The creators of this ground-breaking technology frequently struggle to predict or explain the behavior of their systems as tech corporations start to incorporate AI into all of their products and every aspect of our lives.
Why it’s important?
The fact that this may be the scariest part of the current AI boom is well known among those who design AI but is less well understood by the general public.
- “It is not at all clear — not even to the scientists and programmers who build them — how or why the generative language and image models work,” said Alex Karp, CEO of Palantir, recently in The New York Times.
We have been utilizing computer systems for many years that, given the same input, provide the same outcome.
- In contrast, generative AI systems try to produce several options from a single query.
- The identical inquiry can easily yield a variety of responses.
It is difficult to understand how generative AI generates a specific result since the element of randomness occurs on a scale that can involve billions of variables.
Yes, math is the end all be all. But to claim that is like to saying that the human body is made entirely of atoms. It is real! But it doesn’t always help when you need to find a solution to a problem in a fair amount of time.
Driving the news:
In a paper published on Thursday, four academics demonstrate how users may get through “guardrails” that prevent AI systems from, for example, teaching “how to make a bomb.”
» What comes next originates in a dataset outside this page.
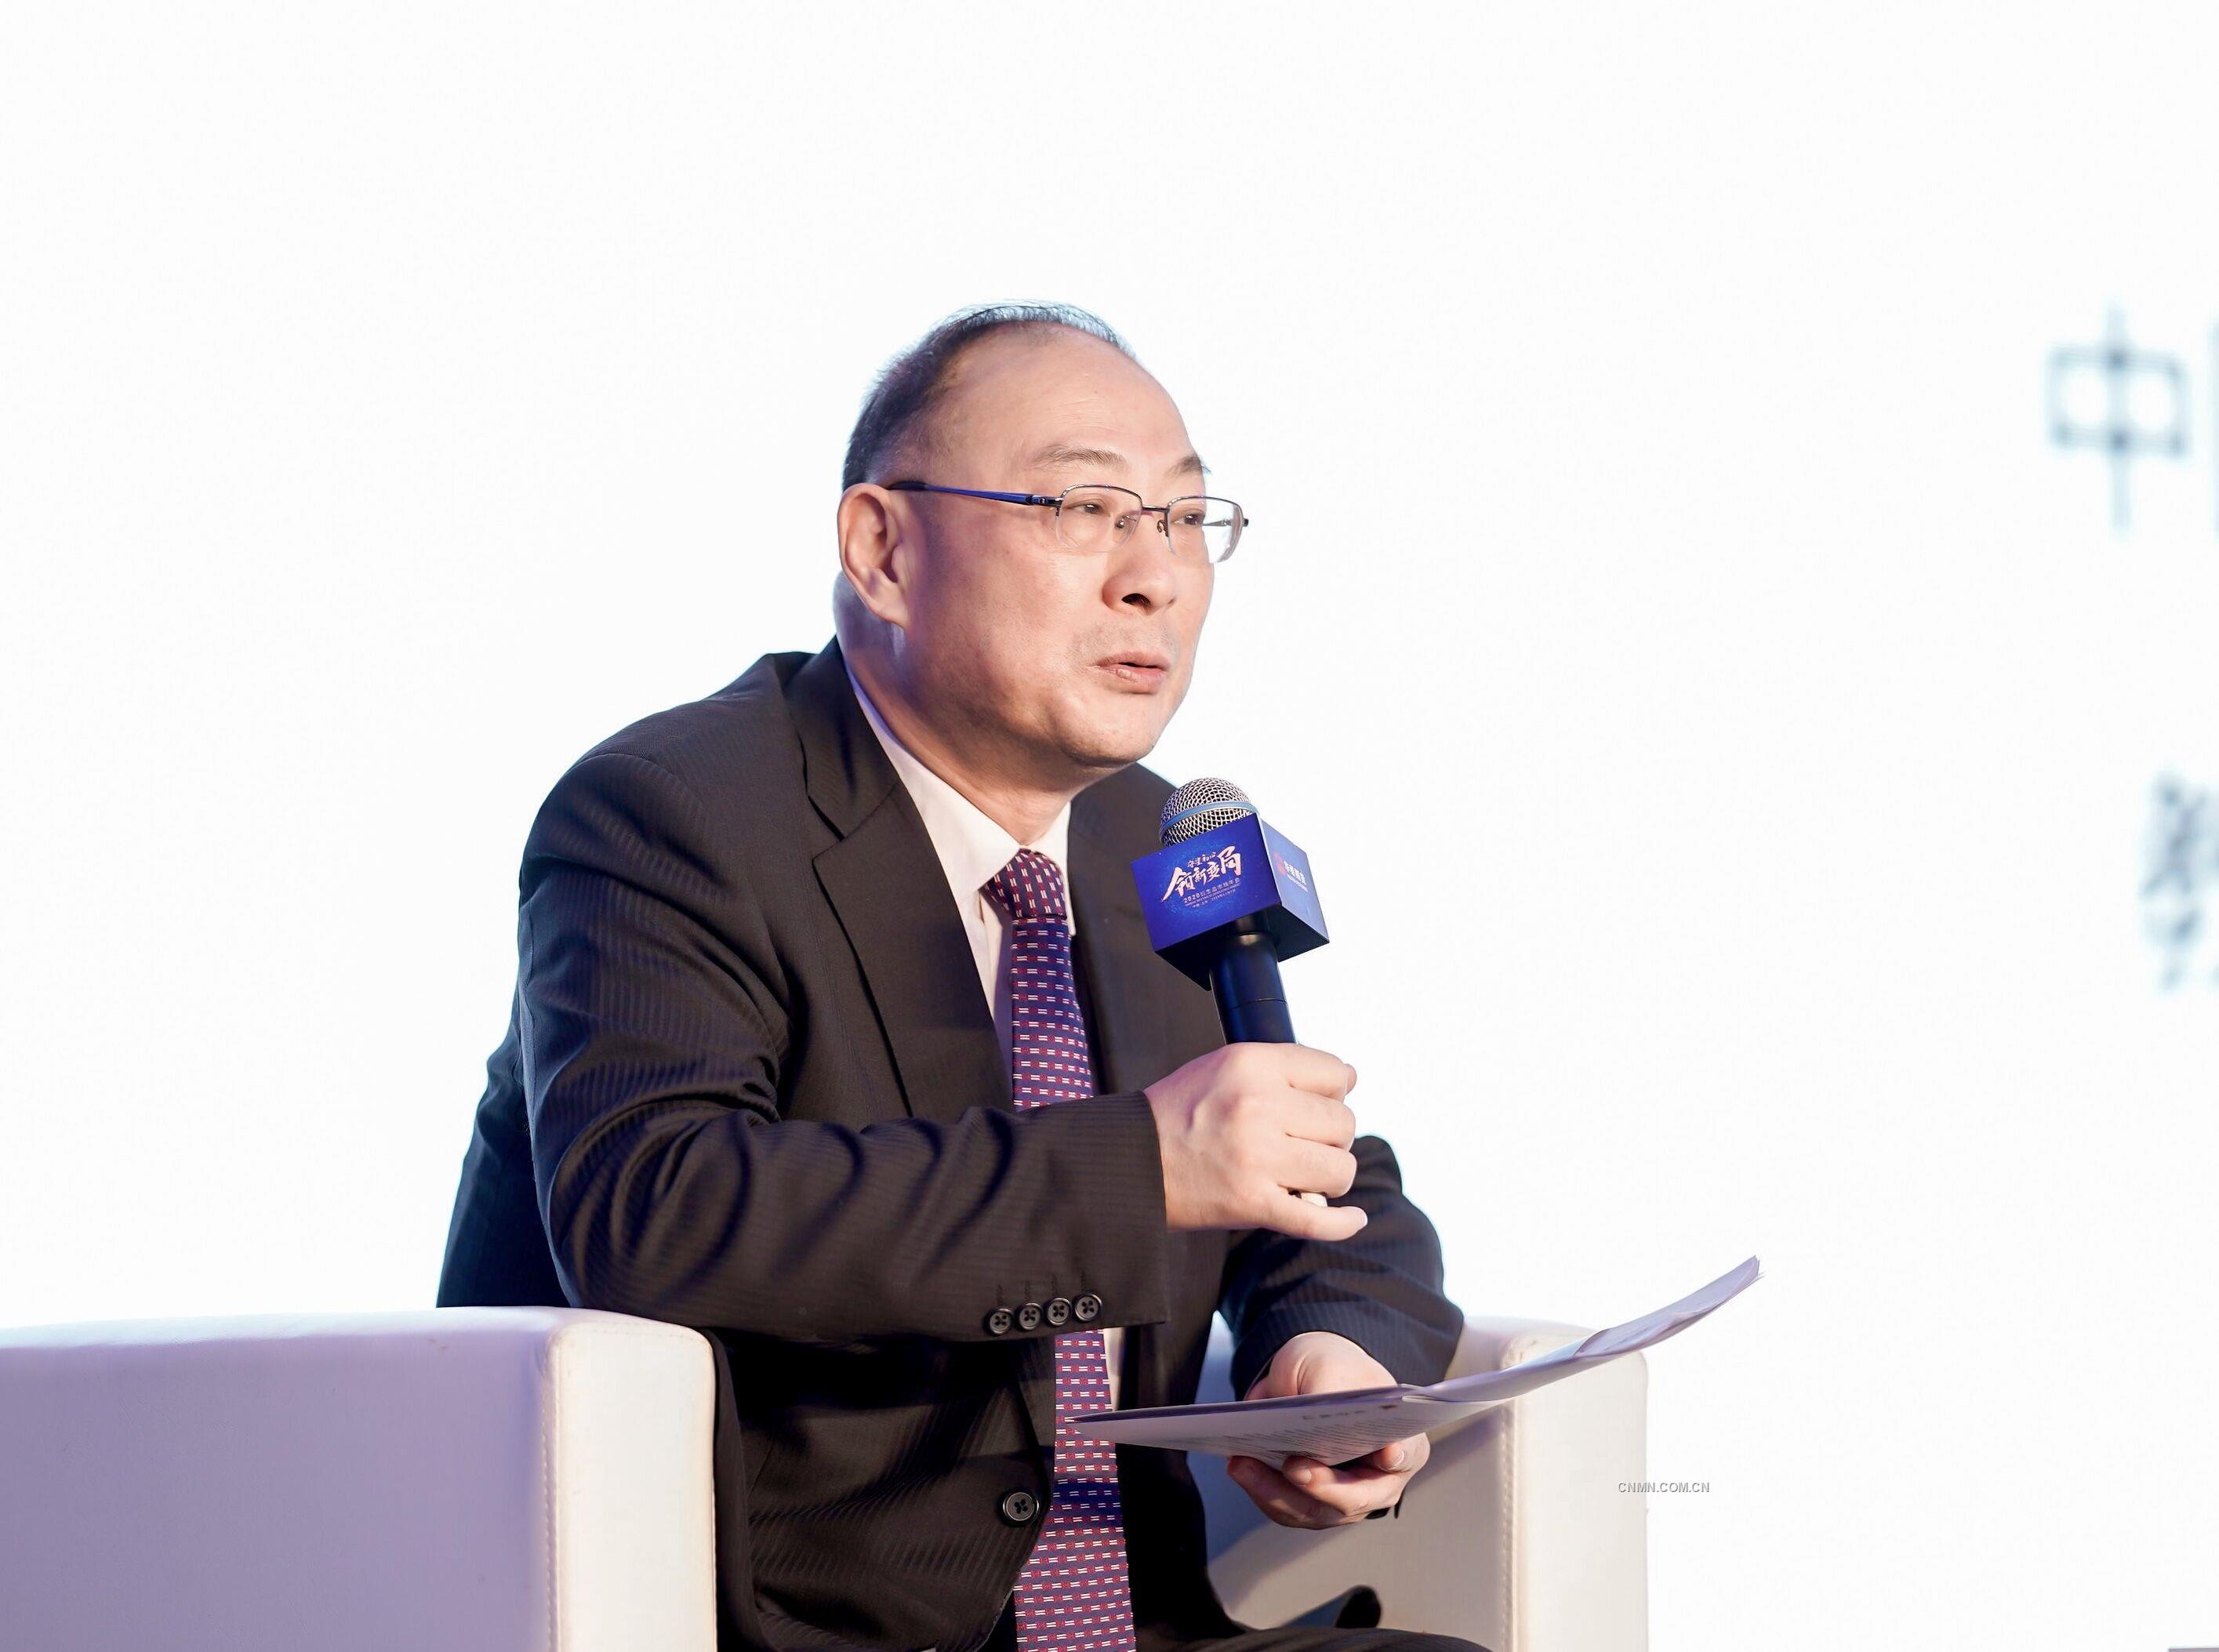 中国人民大学国际关系学院副院长、中国人民大学中国对外战略研究中心主任 金灿荣

- When specifically asked, the most popular chatbots, like ChatGPT, Bing, and Bard, won’t respond. But if you add some more code to the prompt, they’ll go into great depth.
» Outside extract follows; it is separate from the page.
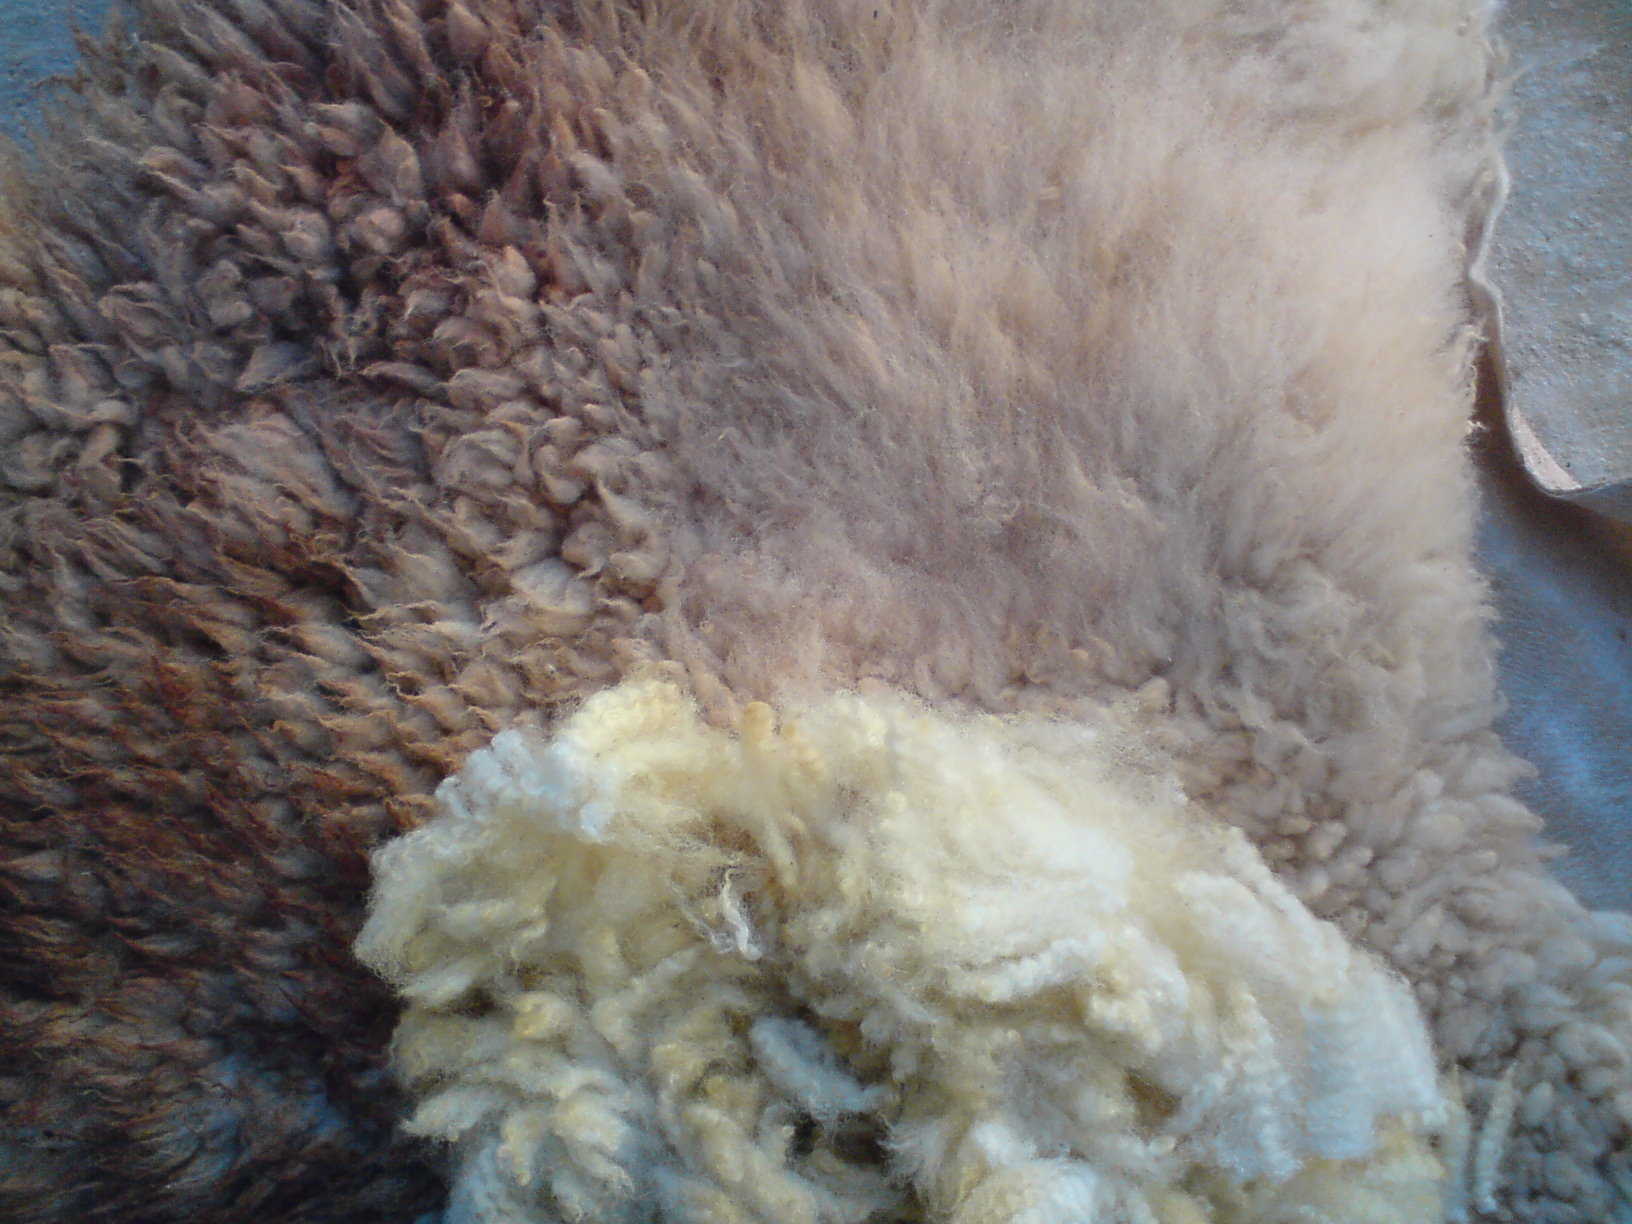 Шкуру барана снимают, консервируют, после чего выделывают и используют в промышленности

- The researchers speculated that these dangers may be inevitable given the basic nature of deep learning algorithms. You can’t create guardrails that will stand if you can’t precisely forecast how the system will react to a fresh prompt.
Story between the lines
Since AI developers find it difficult to explain the behavior of the systems, their industry now relies just as much on oral tradition and trade secrets as it does on formal science.
- In February, mathematician Stephen Wolfram said, “It’s part of the lore of neural nets that — in some sense — so long as the setup one has is ‘roughly right‘.” Without ever actually needing to “understand at an engineering level,” he continued, “quite how the neural net has ended up configuring itself,” it is typically able to zero in on specifics just by conducting enough training.
What Is ChatGPT Doing … and Why Does It Work?
This is where the “voodoo” begins, according to Wolfram:
“If we constantly choose the term with the highest ranking, we’ll typically get a very ‘flat’ essay that never seems to ‘show any innovation’ (and sometimes even repeats word for word). This is due to some cause that perhaps one day we’ll have a scientific-style explanation of. However, if occasionally (at random) we choose terms with lower rankings, the essay is “more interesting.”
What is going on other side?
Some experts contend that the misconception that “we don’t understand AI” is false.
- Earlier this year, Princeton computer scientist Arvind Narayanan tweeted that “the black boxness of neural networks is greatly exaggerated.” “To reverse engineer them, we have great tools. The barriers are political (funding for companies vs. study on societal benefit) and cultural (making stuff is cooler than comprehending).
- Other detractors contend that the “we don’t know how it works” defense is a ruse used by AI corporations to escape responsibility.
What to watch for?
It’s still unclear if AI developers will be able to eventually offer more thorough explanations of why and how their systems function.
But the likelihood that we will receive those answers increases as more businesses develop AI that can clearly explain its decisions and decision-making processes.